|
Posted by anoop on August 19, 2006, 12:32 pm
If you were Registered and logged in, you could reply and use other advanced thread options
Thomas Bahls wrote:
> Having fetched the draft 6.1 version of IEEE 802.1ag and trying to
> understand it, I ran into some conceptual questions I cannot answer
> myself. Maybe there's someone out here able to help?
Let me give it shot. :-)
> (1) 802.1ag is set out for end-to-end management and I would assume IEEE
> to make things as backwards compatible as possible, that is, allow
> 802.1ag-enabled clouds to be connected via 802.1ag-agnostic older
> equipment. I would have believed 802.1ag frames just traverse such
> agnostic equipment transparently. (Maybe this is wrong. Then, my problem
> had vanished, of course.)
> Now seeing they use dstMAC==01-80-C2-00-00-0x I have doubts about my
> guess as I happen to remember such MACs MUST NOT be forwarded at all, per
> 802.1D. So what about backwards compatibility and 802.1ag-agnostic
> equipment then?
If you pay close attention, you will see that the addresses used for
CFM are not 01-80-C2-00-00-0x, but 01-80-C2-xx-xx-xy. This means
that they use the IEEE OUI but are not from the set of reserved
addresses that bridges shall not forward. Therefore these frames
would pass transparently through legacy equipment.

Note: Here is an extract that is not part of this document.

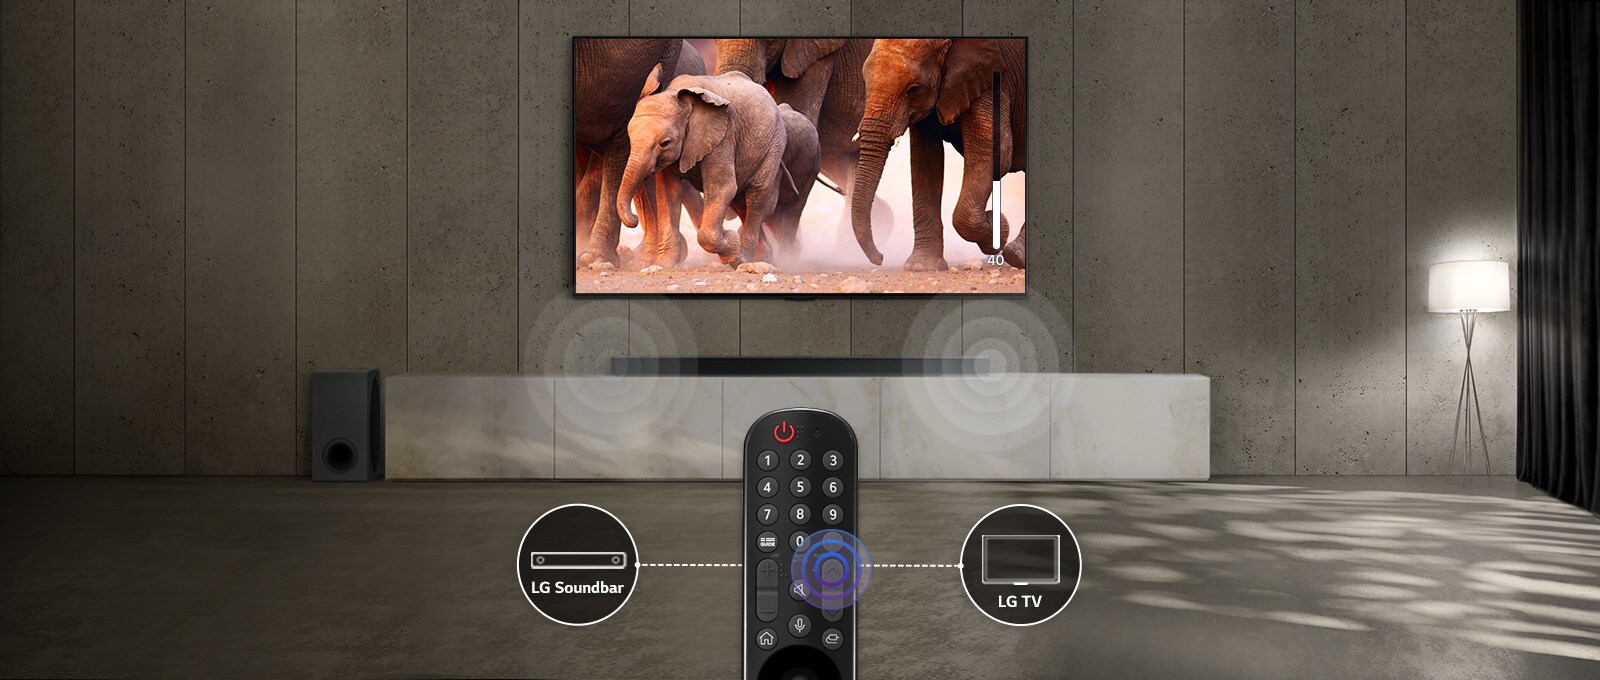 Televizorul într-o cameră cu lumini subtile afișează imagini cu elefanți aflați în trecere Și există un efect de sunet pe bara de sunet de sub televizor. În partea de jos a imaginii, există o telecomandă pentru televizor, iar bara de sunet și pictograma televizorului sunt conectate în partea din stânga și din dreapta telecomenzii.
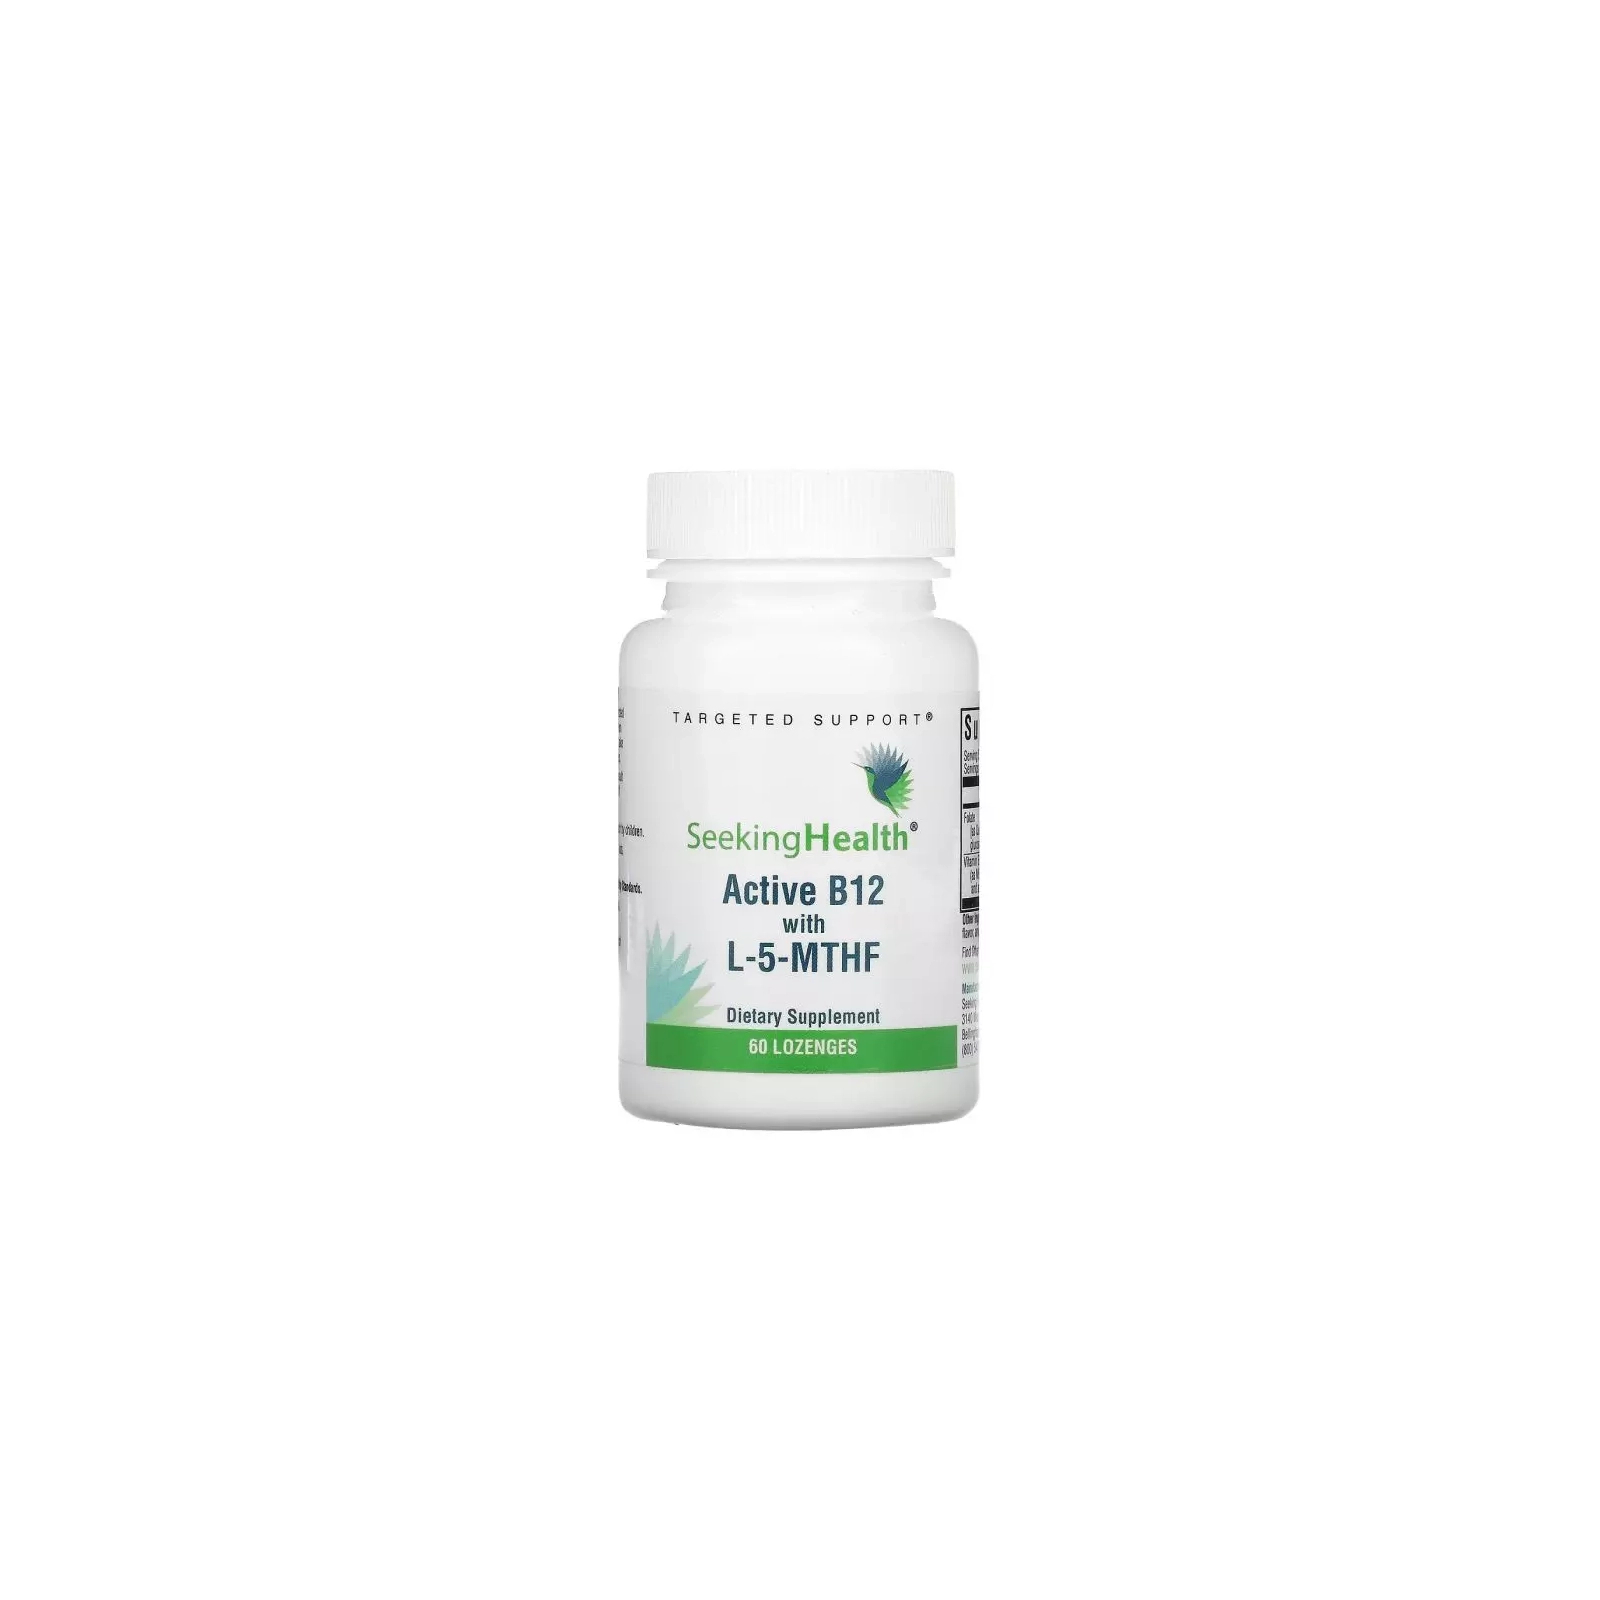 Витаминно-минеральный комплекс Seeking Health Витамин B12 с L-5-MTHF, вкус вишни, Active B12 With L-5-MTHF, 60 жеватель (SKH-52006)

> (2) Again addressing. It appears to me that the ME level shall be
> signified in the last three bits of the MAC address, with ME level from
> 0..7. That'd make 01-80-C2-00-00-00 to -00-07, which I believe to conflict
> with STP, PAUSE/.3x and LACP. What's wrong or missing here (don't believe
> IEEE to make conflicting specs ;-)?
See above.
> (3) Let's put 802.1ag and STP together, will that go?
Absolutely! It works in the presence or absence of STP. If using
STP, one should make sure that the CCM interval is high enough
that STP finds the problem and fixes it before CCM detects it.
Alternatively, CCM can detect the problem, but it doesn't really
fix it, and so the problem will eventually go away when STP reconverges
even though a defect may be indicated in the interim.
> If we have a
> topology with loops (presuming this is supported), will 802.1ag care about
> it and resolve or will it let STP do the job? My guess is that having both
> active simultaneously, STP may rearrange topology underneath 802.1ag,
> which in turn tries to find an alternative path via AIS and LTMs at the
> same time that STP processes a TC, and that looks strange to me now. Any
> ideas?
AIS has been removed from the spec several versions ago.
One cannot use "LTMs" or anything else to find paths. If one
doesn't use STP, the only way to create loop-free paths in
network topology with loops is to pre-provision them. That
is certainly an option, but the details of that are out of scope
for this spec.
> (4) 802.1ag says that it makes use of an extended discovery mechanism that
> can be found in chapter 12 of 802.1Q -- fine. But given .1Q invented some
> discovery mechanism prior to .1ag, what did they intend it for, wo used it
> and what for? I must admit never having seen such .1Q discovery so far.
Can you provide a more specific reference on this?